Calls for accountability are mounting nearly 10 months after two boys were killed by a python in Campbellton, N.B.
Liberal MLA Donald Arseneault has been pushing for answers since the tragedy.
“The family is astonished why we can’t move forward,” says Arseneault. “I find it’s quite unfortunate just to hide behind a RCMP investigation that, clearly, if they haven’t done anything yet, chances are they won’t.”
Noah Barthe, 4, and his brother Connor, 6, were killed in August 2013 while they were sleeping at an apartment located above an exotic pet store in Campbellton.
The boys were asphyxiated by a 45-kilogram African rock python that escaped its enclosure in the apartment, slithered through a ventilation system above and fell through a ceiling into the living room where they slept.
The snake was being kept illegally and the RCMP launched an investigation after the incident.
Leslie Matchim, the lawyer representing python owner Jean-Claude Savoie, says he was told late last year there would be no charges laid in the case.
“I think it’s high time that the RCMP would come forward with that,” he says.
However, he says he recently learned the lead investigator in the case, and the person he had been dealing with from the beginning, has been replaced. He says that has him concerned.
“The RCMP, at the senior levels, just don’t seem to want to take no for an answer. Notwithstanding, their lead investigator concluded no criminal charges, notwithstanding the Crown prosecutor’s office corroborated that conclusion, notwithstanding, Halifax RCMP agreed and, notwithstanding, that a senior RCMP Major Crime Unit investigator agreed,” says Matchim.
Matchim says he was even told the RCMP would hold a news conference regarding their findings earlier this year, but that never happened.
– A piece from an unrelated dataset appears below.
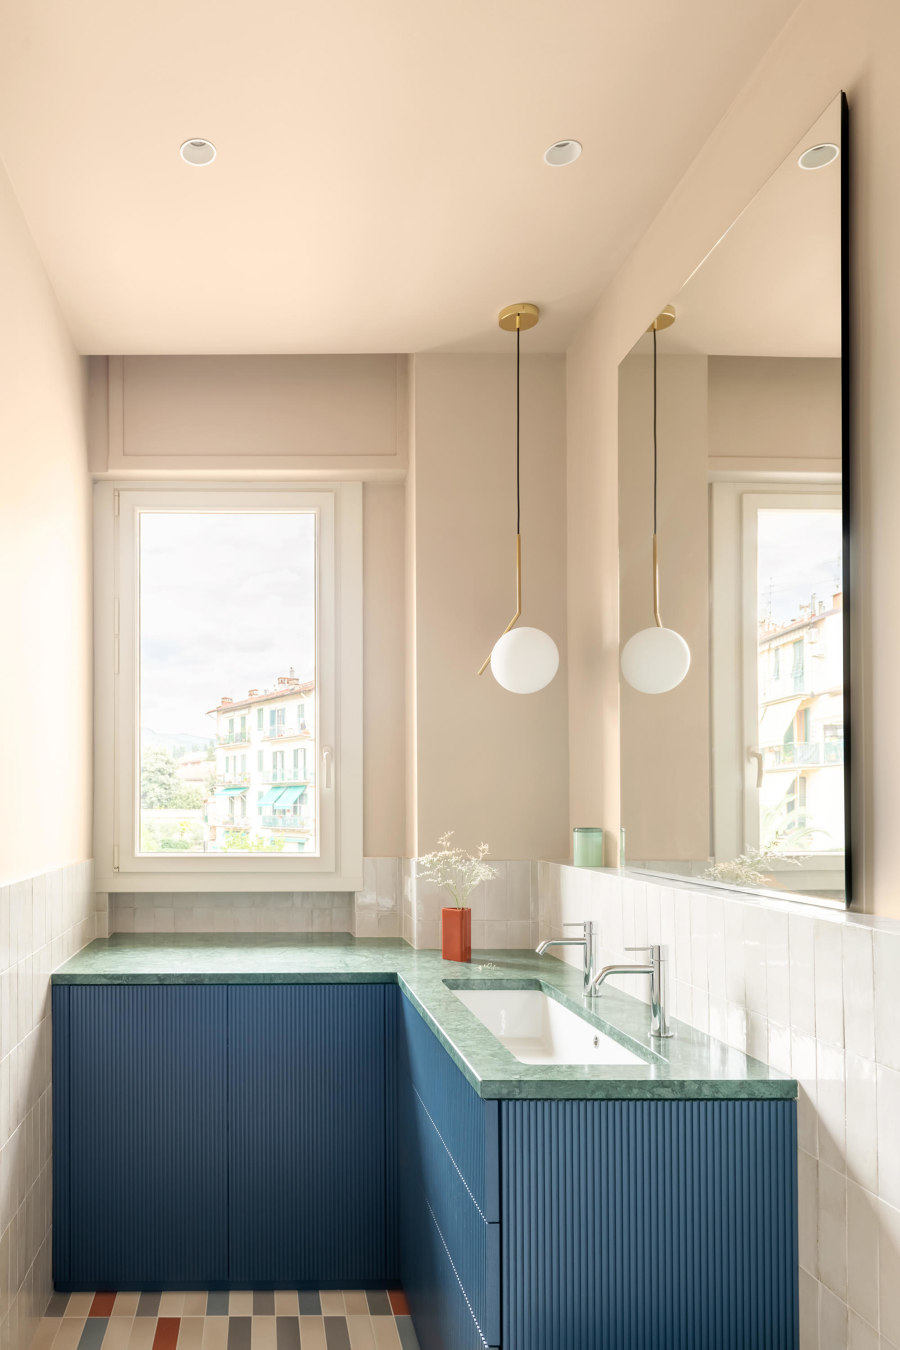 Top ten: curated bathrooms with wood surfaces | Novità

The New Brunswick Department of Natural Resources also promised to look at exotic pet regulations after the incident. That investigation has been completed, and the file is now in the hands of the attorney general’s office.
Arseneault says the department had six months to lay charges, but it missed the deadline. However, there are still provisions within New Brunswick’s Fish and Wildlife Act that could still allow charges.
The Mounties will only say their investigation remains open and a decision on charges has not been made.